DOCS: Users should note that in cases where the Satellite and Capsule are geographically far apart with low or slow bandwidth between the systems it is possible that creating a custom repository may take a significant amount of time.
Additional DOC: If a capsule is physically removed or unresponsive, outside of Satellite 6 itself, creation of repos may hang indefinitely. The solution for this is to resolve the situation with the unresponsive capsule, removing it from the list of available capsules, if necessary. After this, use dynflow to cancel the process.
Created redmine issue http://projects.theforeman.org/issues/10009 from this bug
This was actually fixed as part of http://projects.theforeman.org/issues/10229 and https://bugzilla.redhat.com/show_bug.cgi?id=1192500 Moving to modified.
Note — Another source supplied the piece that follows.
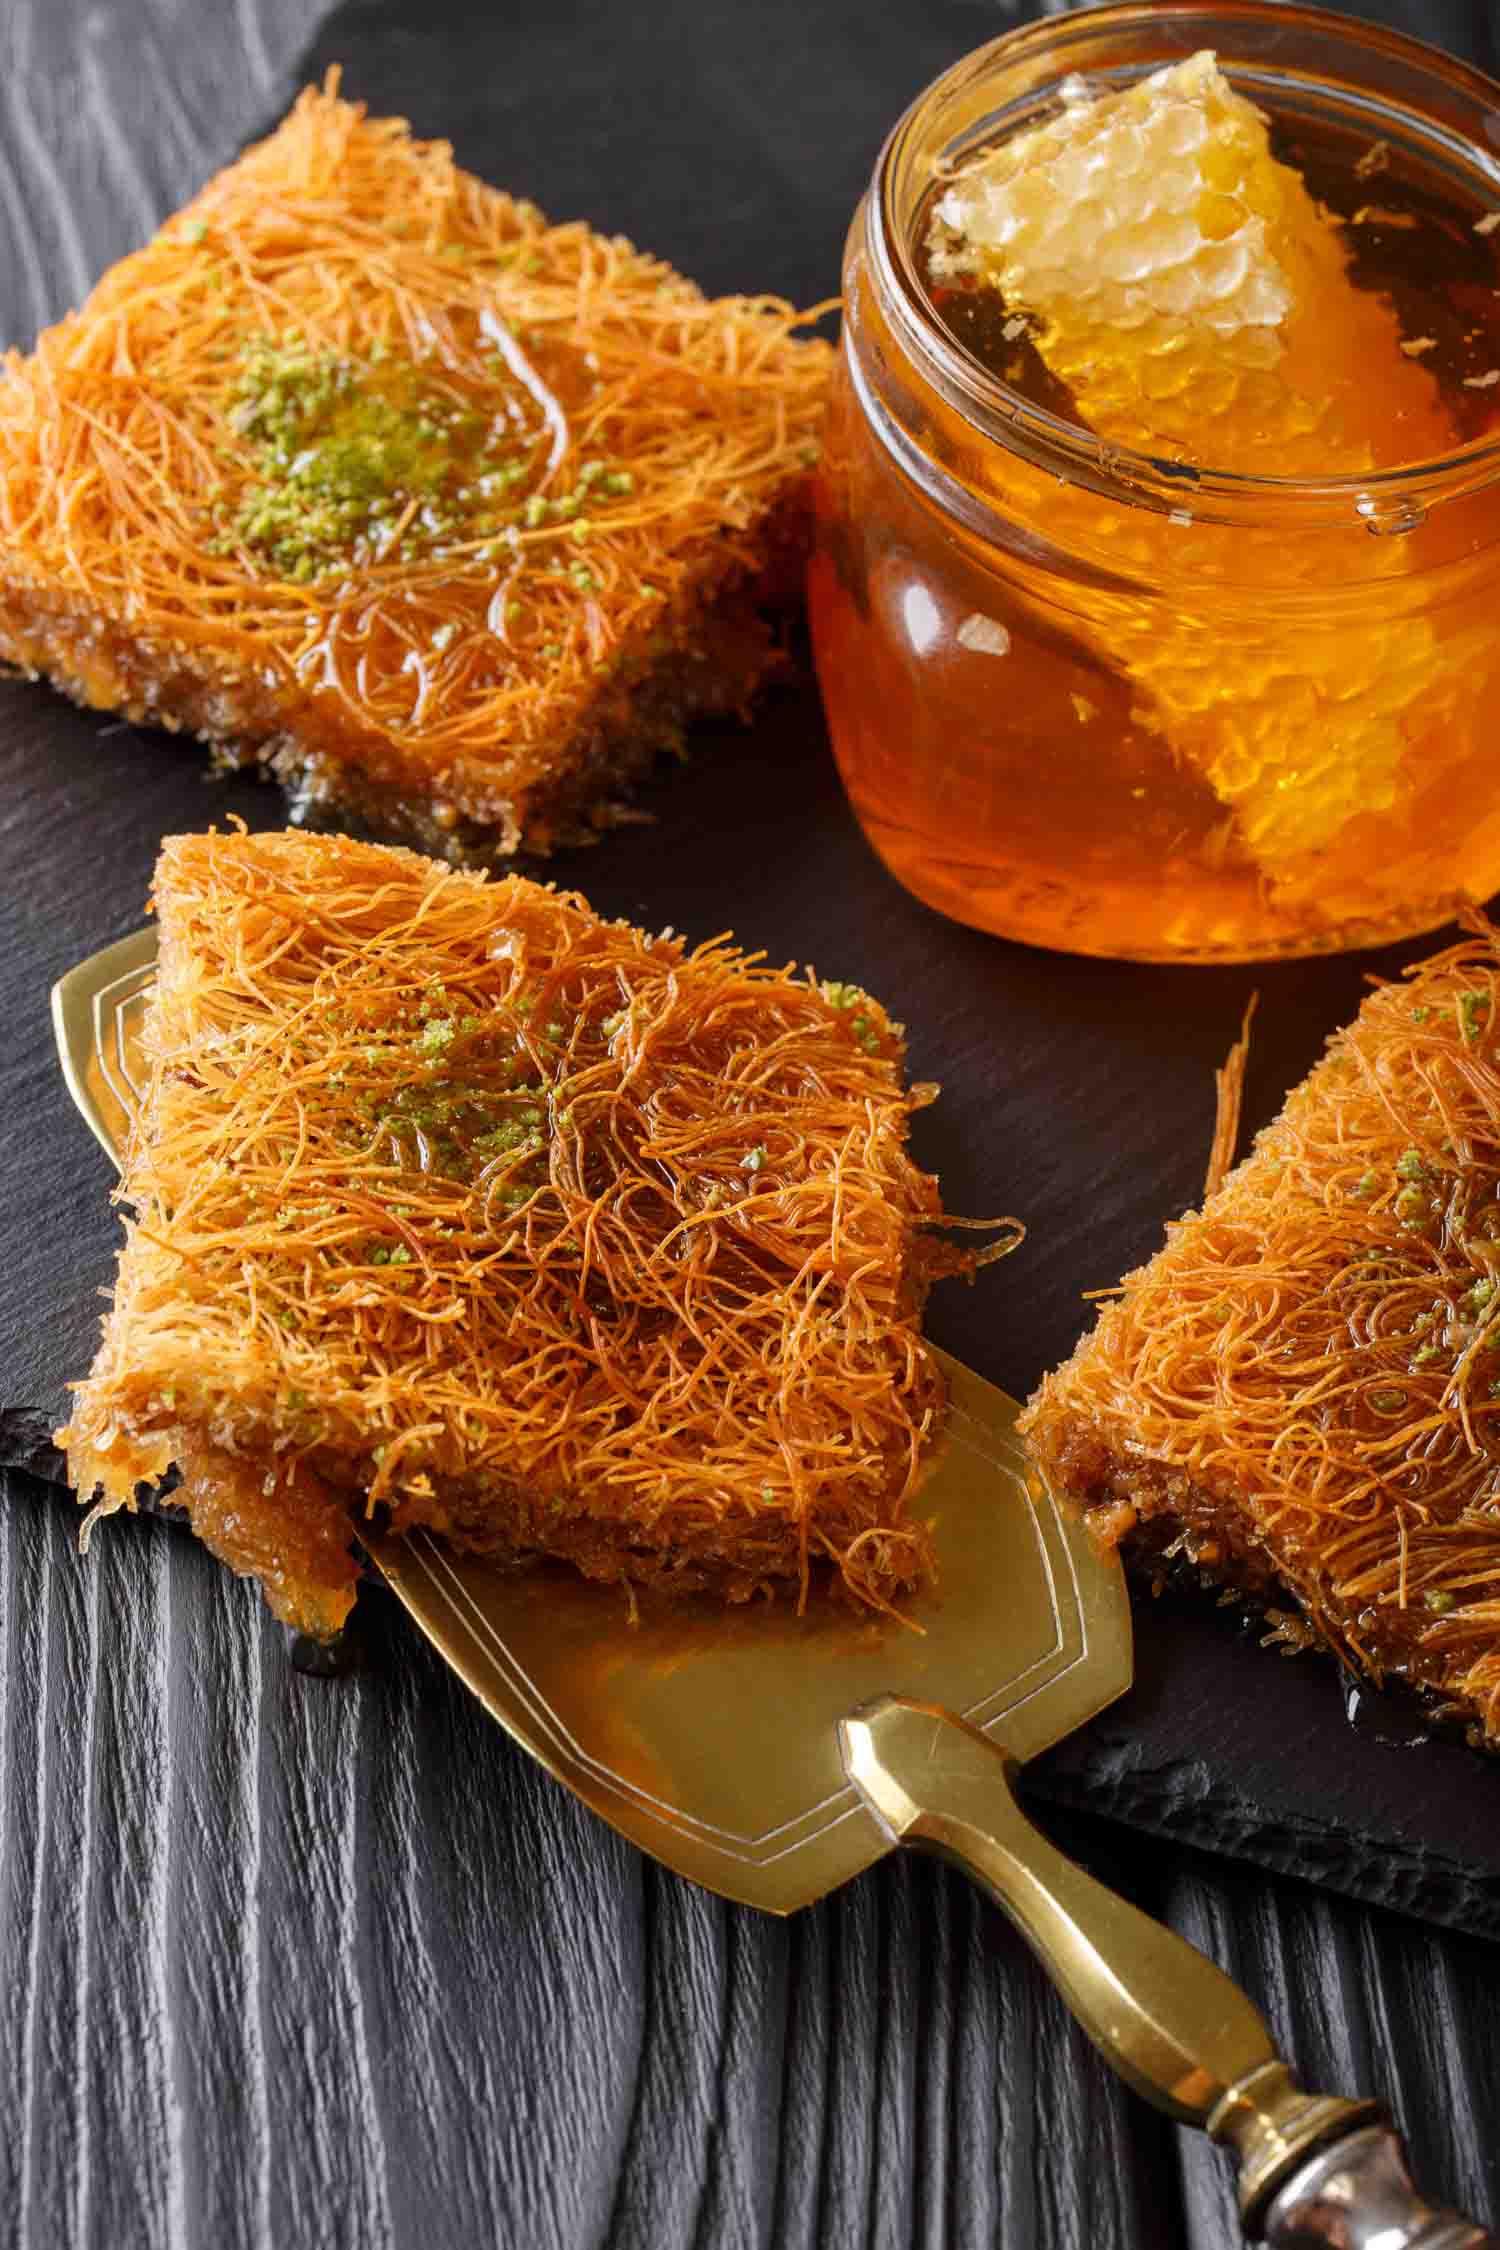 Food in Jordan, Traditional Arabic pastry cake with pistachio named kadaif or kataifi closeup. Vertical
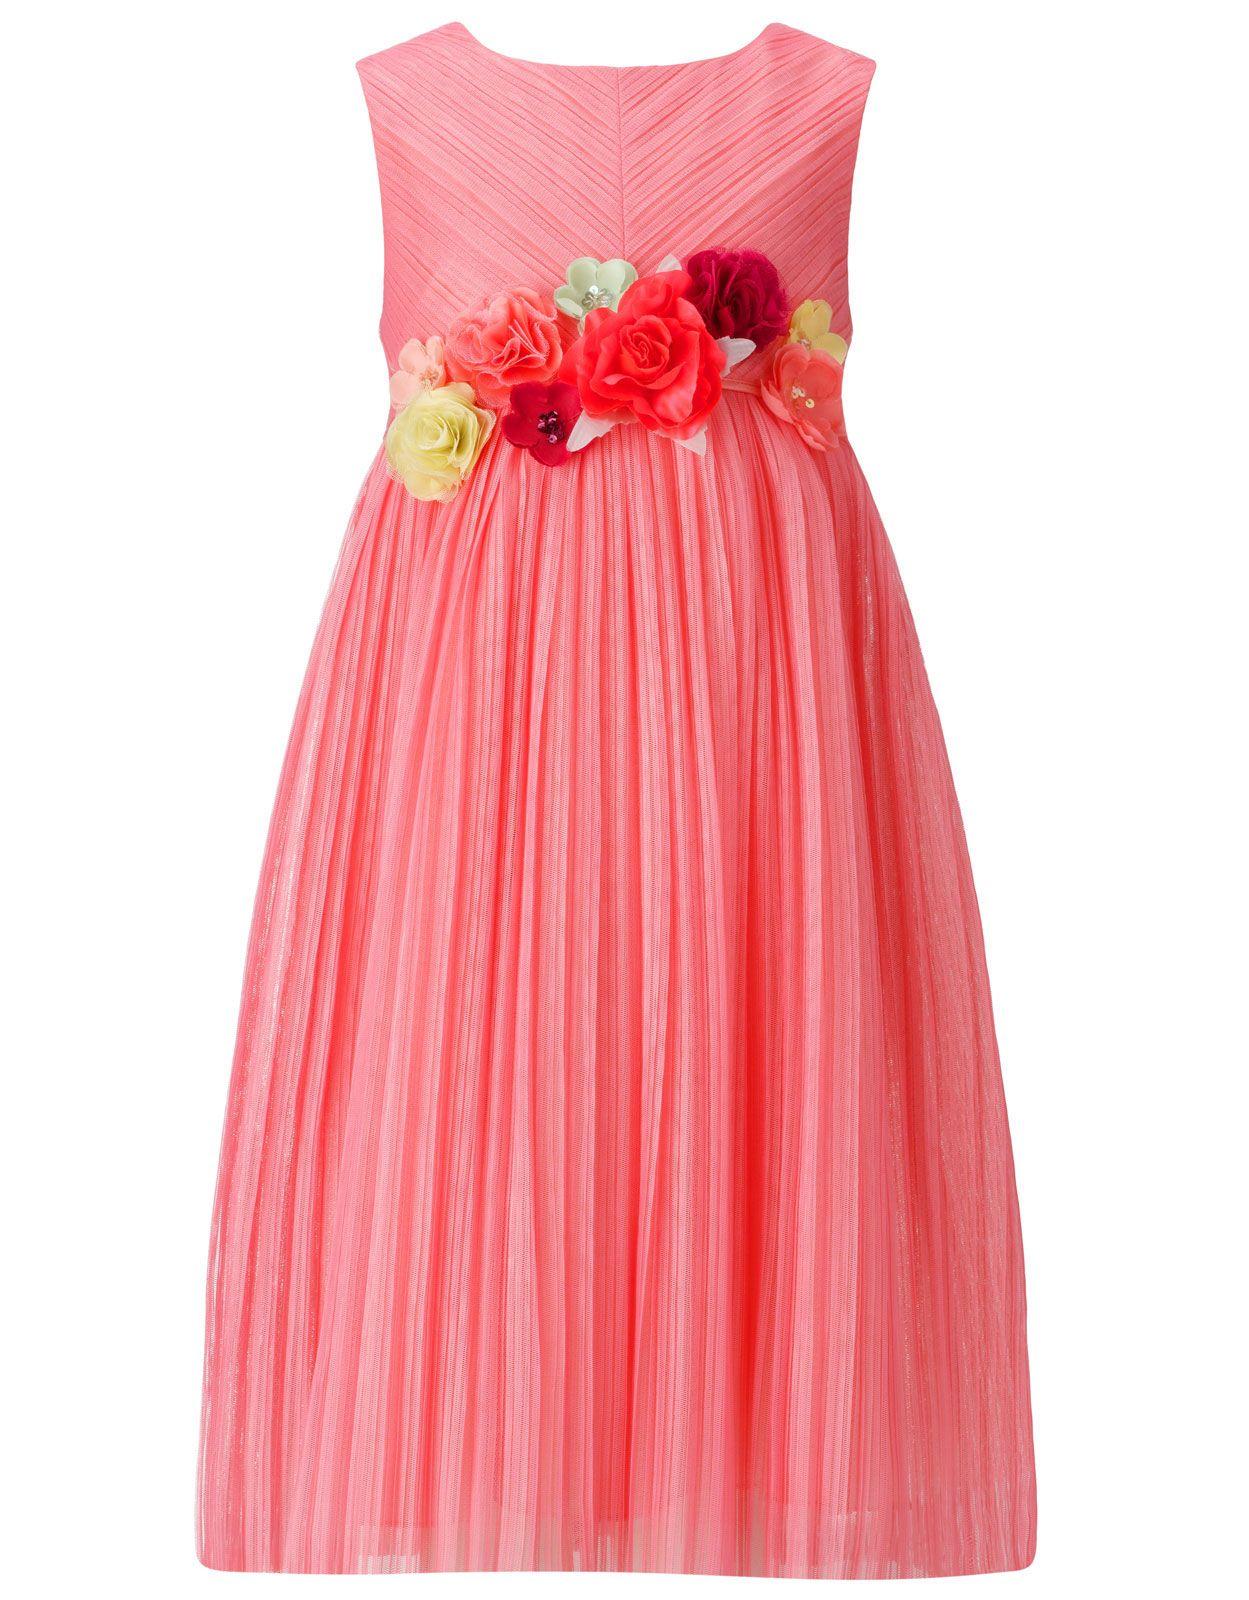 Scarletta Flower Dress | Ava Wedding | Pinterest

VERIFIED: # rpm -qa | grep foreman foreman-1.7.2.21-1.el7sat.noarch ruby193-rubygem-foreman_discovery-2.0.0.13-1.el7sat.noarch foreman-libvirt-1.7.2.21-1.el7sat.noarch ruby193-rubygem-foreman_gutterball-0.0.1.9-1.el7sat.noarch foreman-postgresql-1.7.2.21-1.el7sat.noarch ruby193-rubygem-foreman_bootdisk-4.0.2.13-1.el7sat.noarch dell-pem710-01.rhts.eng.bos.redhat.com-foreman-proxy-client-1.0-1.noarch foreman-ovirt-1.7.2.21-1.el7sat.noarch rubygem-hammer_cli_foreman-0.1.4.11-1.el7sat.noarch foreman-selinux-1.7.2.13-1.el7sat.noarch foreman-gce-1.7.2.21-1.el7sat.noarch ruby193-rubygem-foreman-redhat_access-0.1.0-1.el7sat.noarch ruby193-rubygem-foreman-tasks-0.6.12.5-1.el7sat.noarch rubygem-hammer_cli_foreman_tasks-0.0.3.4-1.el7sat.noarch rubygem-hammer_cli_foreman_docker-0.0.3.6-1.el7sat.noarch ruby193-rubygem-foreman_docker-1.2.0.12-1.el7sat.noarch ruby193-rubygem-foreman_hooks-0.3.7-2.el7sat.noarch rubygem-hammer_cli_foreman_bootdisk-0.1.2.7-1.el7sat.noarch foreman-proxy-1.7.2.4-1.el7sat.noarch dell-pem710-01.rhts.eng.bos.redhat.com-foreman-client-1.0-1.noarch dell-pem710-01.rhts.eng.bos.redhat.com-foreman-proxy-1.0-2.noarch foreman-vmware-1.7.2.21-1.el7sat.noarch rubygem-hammer_cli_foreman_discovery-0.0.1.10-1.el7sat.noarch foreman-compute-1.7.2.21-1.el7sat.noarch foreman-debug-1.7.2.21-1.el7sat.noarch steps: 1. Create and sync a capsule -- generally assure it is working. 2. ifdown eth0 on capsule 3. Create a product, "foobar" 4. Attempt to add rpm repo to product "foobar" 5. Repo added successfully
This bug is slated to be released with Satellite 6.1.
This bug was fixed in version 6.1.1 of Satellite which was released on 12 August, 2015.